A paralyzed woman has been able to communicate verbally using a novel brain-computer interface (BCI) system. The approach by a team of researchers from the University of California, San Francisco (UCSF), “could form the basis for a speech neuroprosthesis for people with paralysis”, they write in their research paper, which was published in the prestigious science journal Nature.
The system captures the woman's neural activity, processes it, and then produces speech through a digital avatar, allowing her to communicate in real-time. As stated in the related research article, this is a “first-of-its-kind demonstration of a fully implanted intracortical brain–computer interface (BCI) system for real-time speech synthesis.” The authors write, “Our results demonstrate the feasibility of a speech BCI approach that could restore spoken communication in people with severe speech disabilities.”
A Scientific Breakthrough
This marks the first instance where either speech or facial expressions have been synthesized from brain signals.
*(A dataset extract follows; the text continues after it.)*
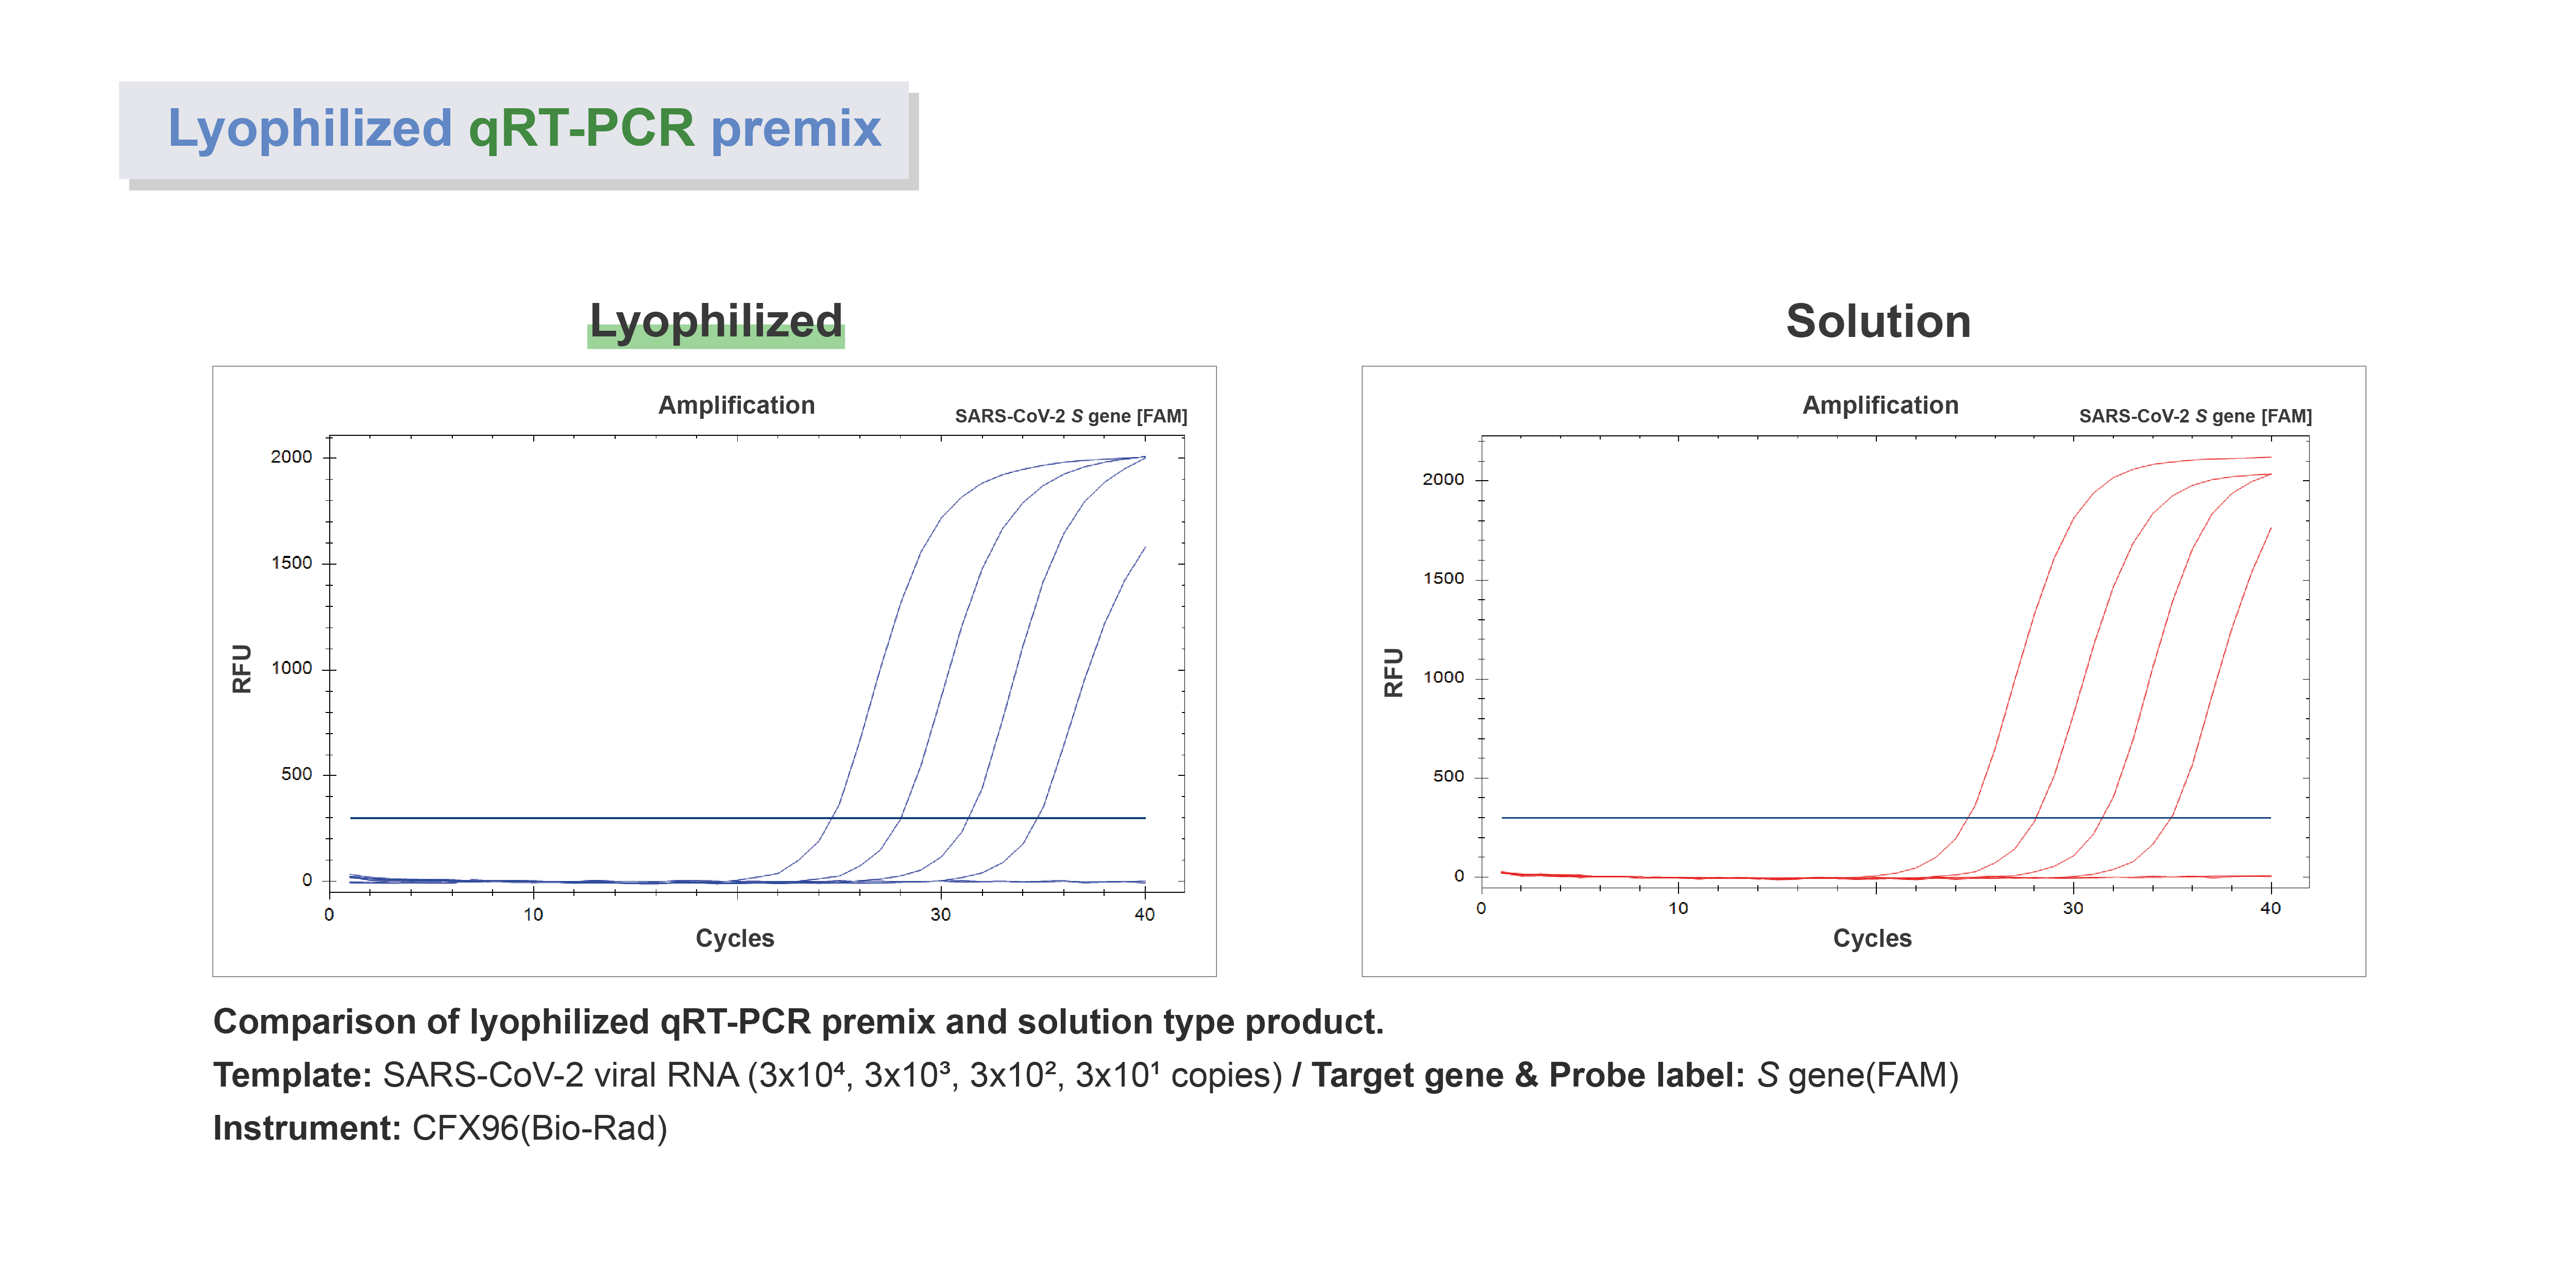 LDFQR_Figure. Comparison of lyophilized qRT-PCR premix and solution type product.
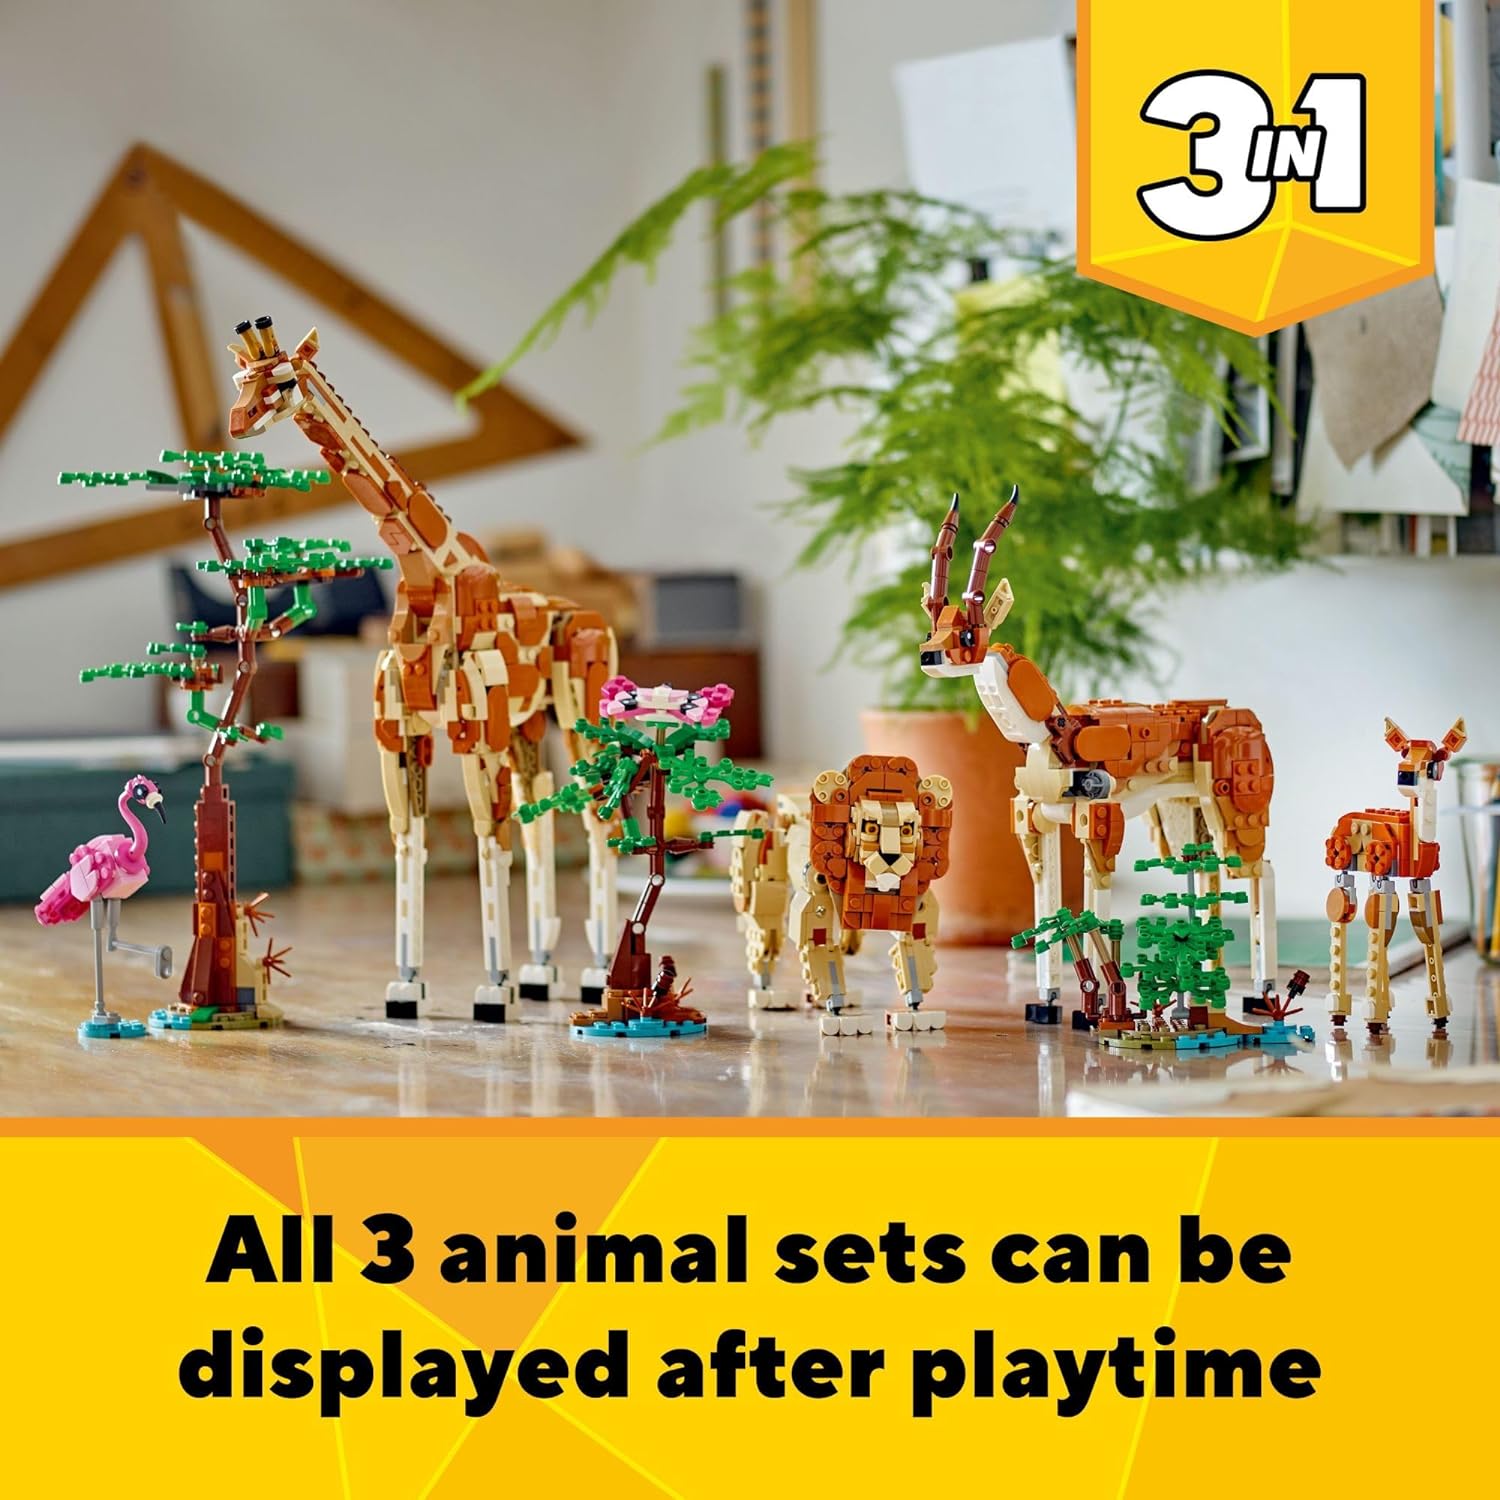 ليجو 31150 كرياتور 3 في 1 حيوانات السفاري البرية، يتم إعادة البناء إلى 3 أشكال مختلفة لحيوانات السفاري - لعبة الزرافة، لعبة الغزال أو لعبة الأسد، لعبة الطبيعة، مجموعة بناء للأطفال.

Impressively, the system can decode these signals into text at a rate of nearly 80 words per minute, a significant improvement over existing technologies.
Edward Chang, MD, chair of neurological surgery at UCSF, has been working on this BCI technology for over a decade. He expressed hope that this latest research breakthrough will soon lead to an FDA-approved system that can convert brain signals into speech. Chang's team had previously demonstrated the possibility of decoding brain signals into text in another patient who had experienced a brainstem stroke. The current study, however, showcases a more ambitious goal: decoding brain signals into the richness of speech and the facial movements that accompany conversation.
253 Electrodes Connected to Speech Areas of the Brain
To achieve this, Chang implanted a paper-thin rectangle of 253 electrodes onto the surface of the woman's brain over areas critical for speech. These electrodes intercepted the brain signals that would have otherwise directed muscles in her tongue, jaw, larynx, and face. The participant then worked with the team for weeks to train the system's AI algorithms to recognize her unique brain signals for speech. This involved repeating phrases from a 1,024-word conversational vocabulary until the computer could identify the associated brain activity patterns.
The team also devised an algorithm to synthesize speech, which they personalized to sound like her voice before the injury, using a recording of her speaking at her wedding. Furthermore, they animated the avatar with software that simulates and animates facial muscle movements, allowing the avatar to display facial expressions like happiness, sadness, and surprise.
Potential and Future Applications
The potential applications of this technology extend beyond just restoring speech. With further advancements, it could be used to help individuals with other forms of paralysis or motor function impairments. The technology could also be integrated into other devices or systems to provide enhanced communication capabilities. A future goal for the team is to develop a wireless version of the BCI, which would greatly enhance the user's independence and social interactions.